— EXERCISE DATA —
* * * * * * * * *

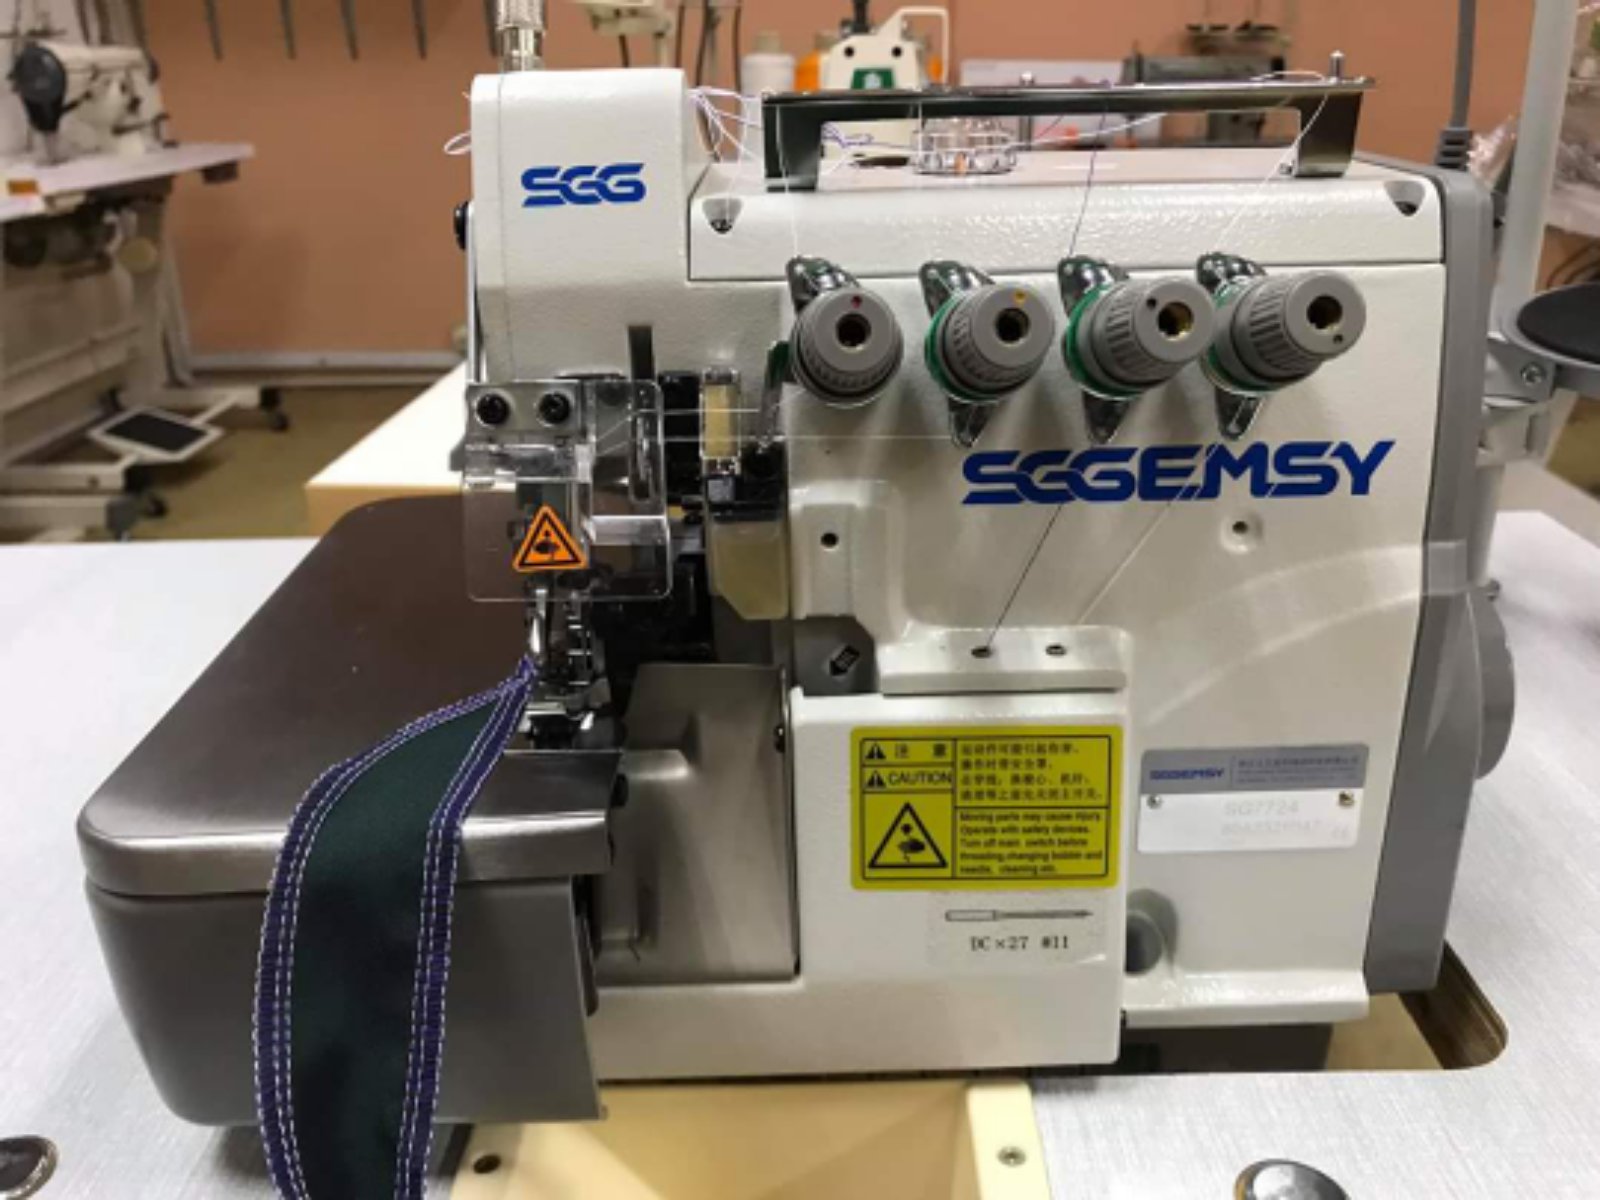 SGGemsy Overlock Sewing Machine 
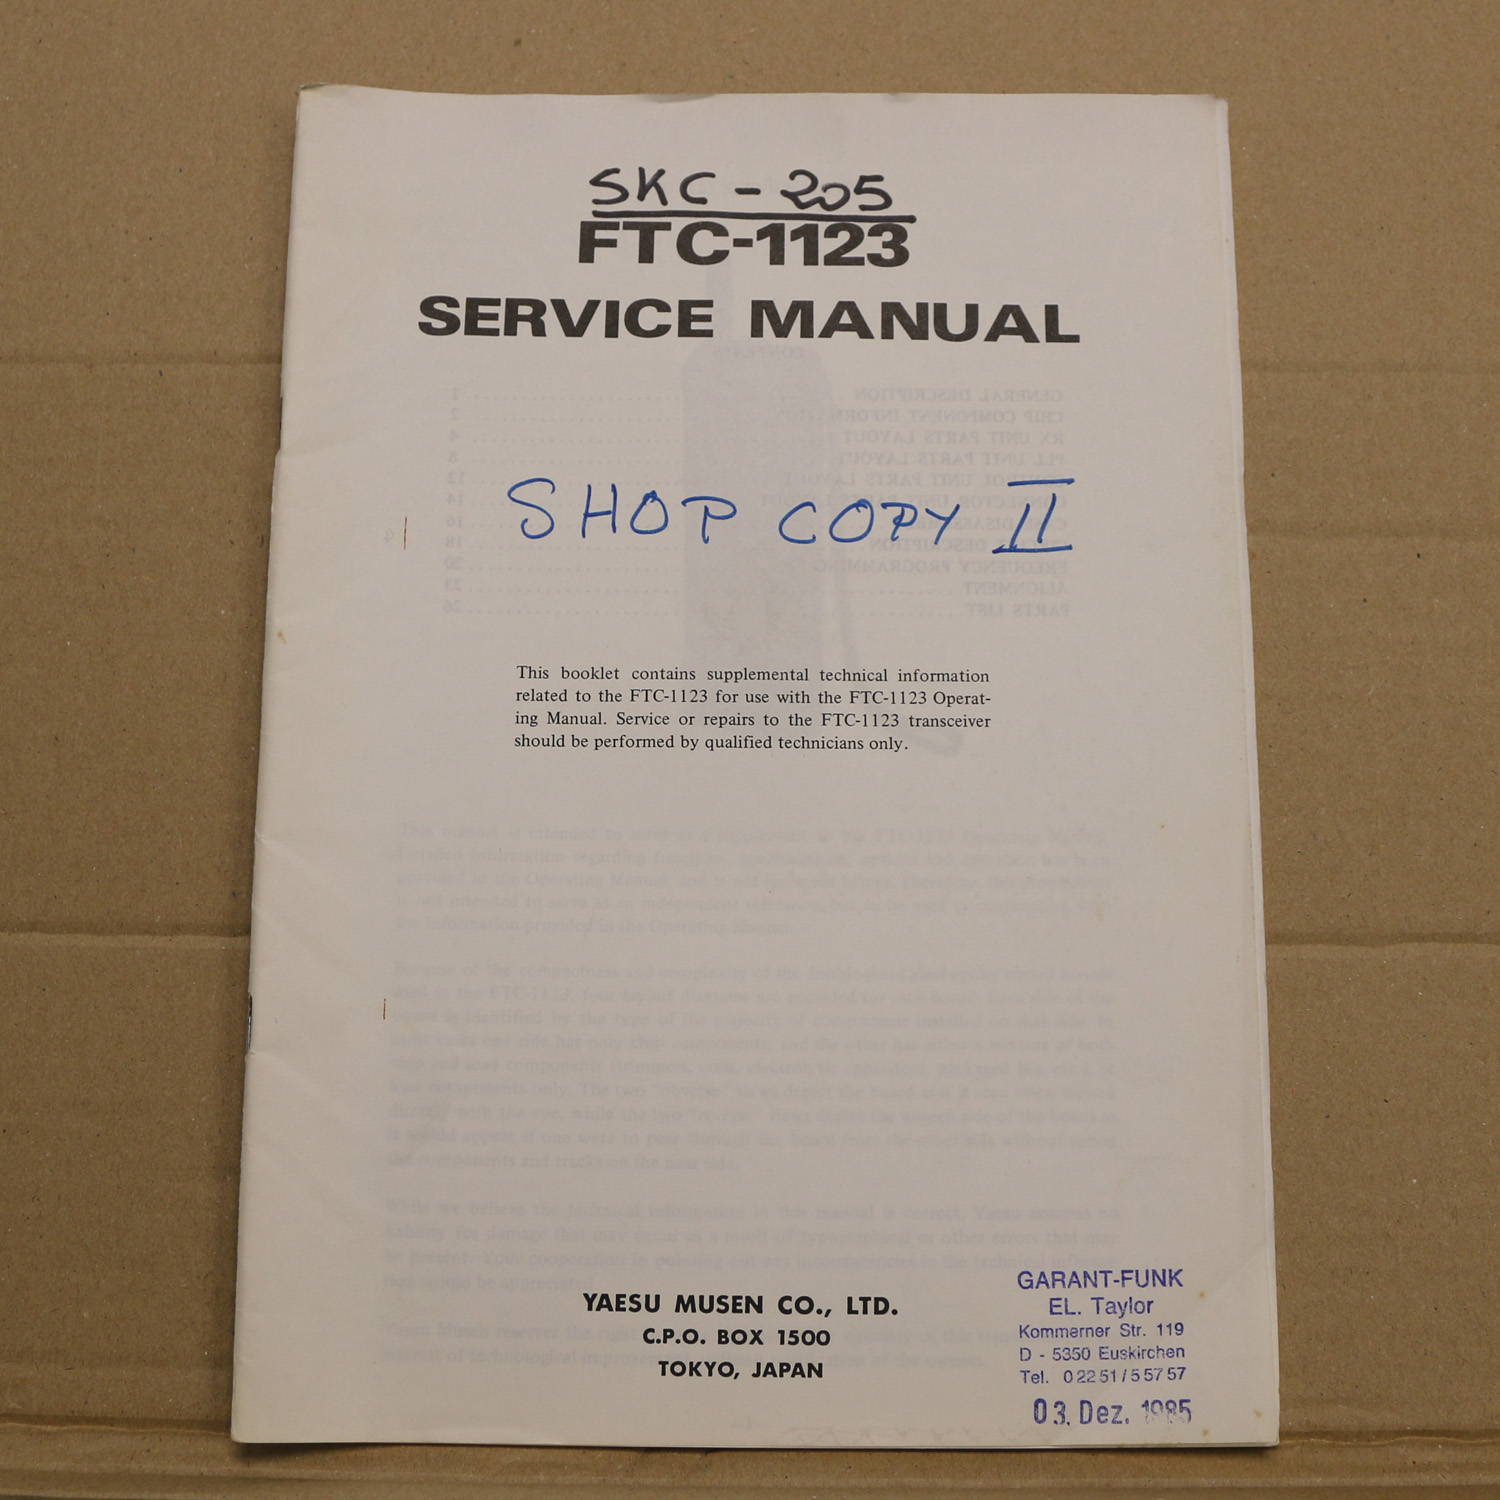 Yaesu FTC-1123 Service Manual
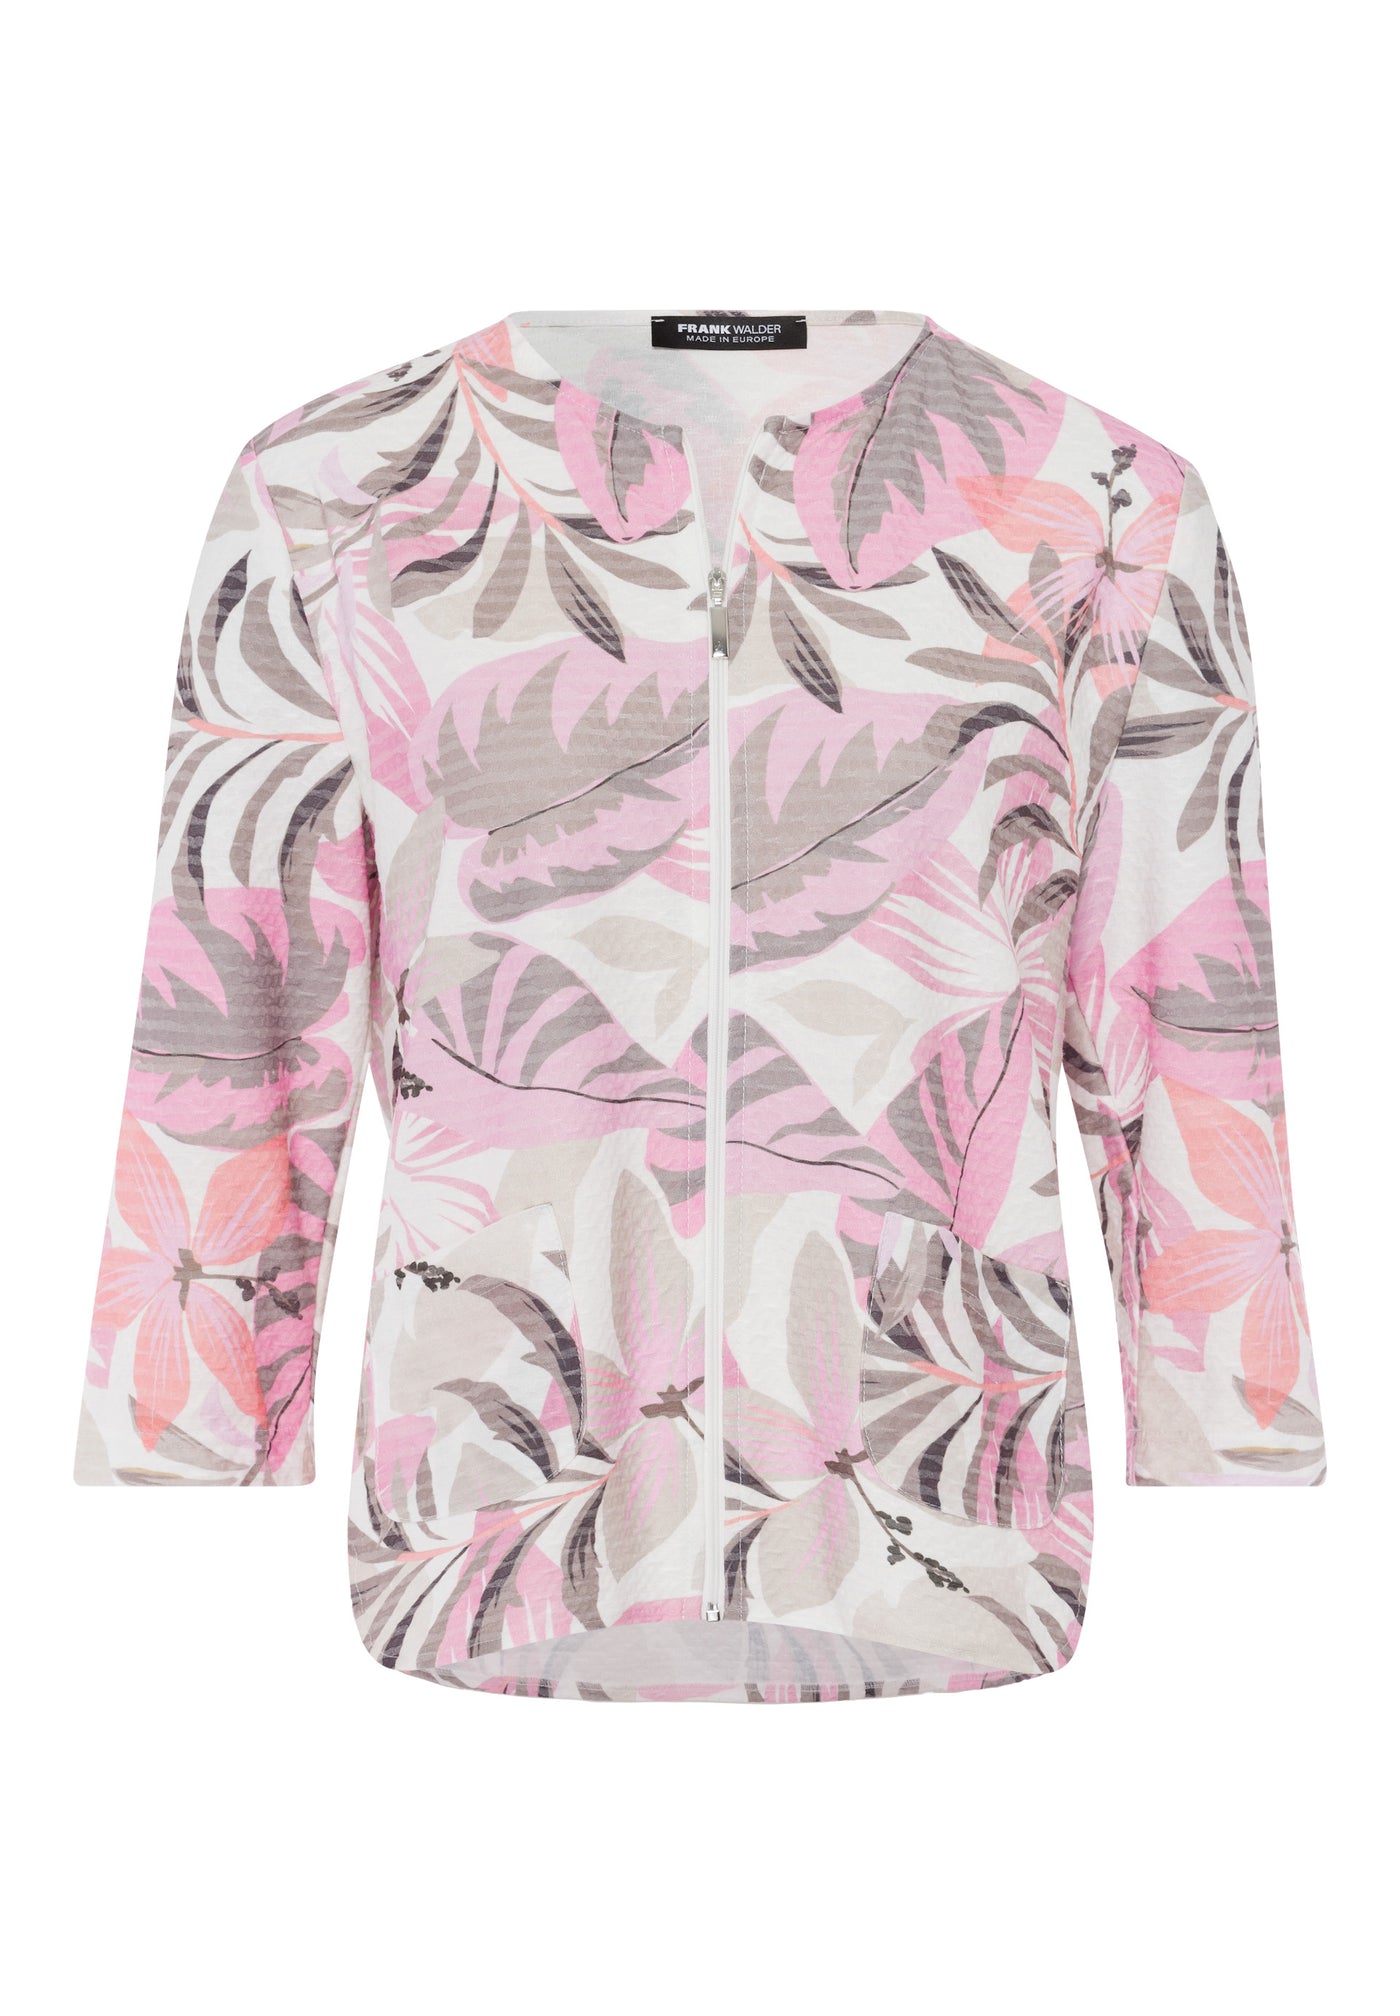 Cream Zip Up Jacket with Pastel Floral Print & Pocket Detail

* * * * * * * * *

— YOUR ASSIGNMENT —
Omit every picture while copying the listing above exactly.

— SOLUTION TO THIS TASK —
 SGGemsy Overlock Sewing Machine 
 Yaesu FTC-1123 Service Manual
 Cream Zip Up Jacket with Pastel Floral Print & Pocket Detail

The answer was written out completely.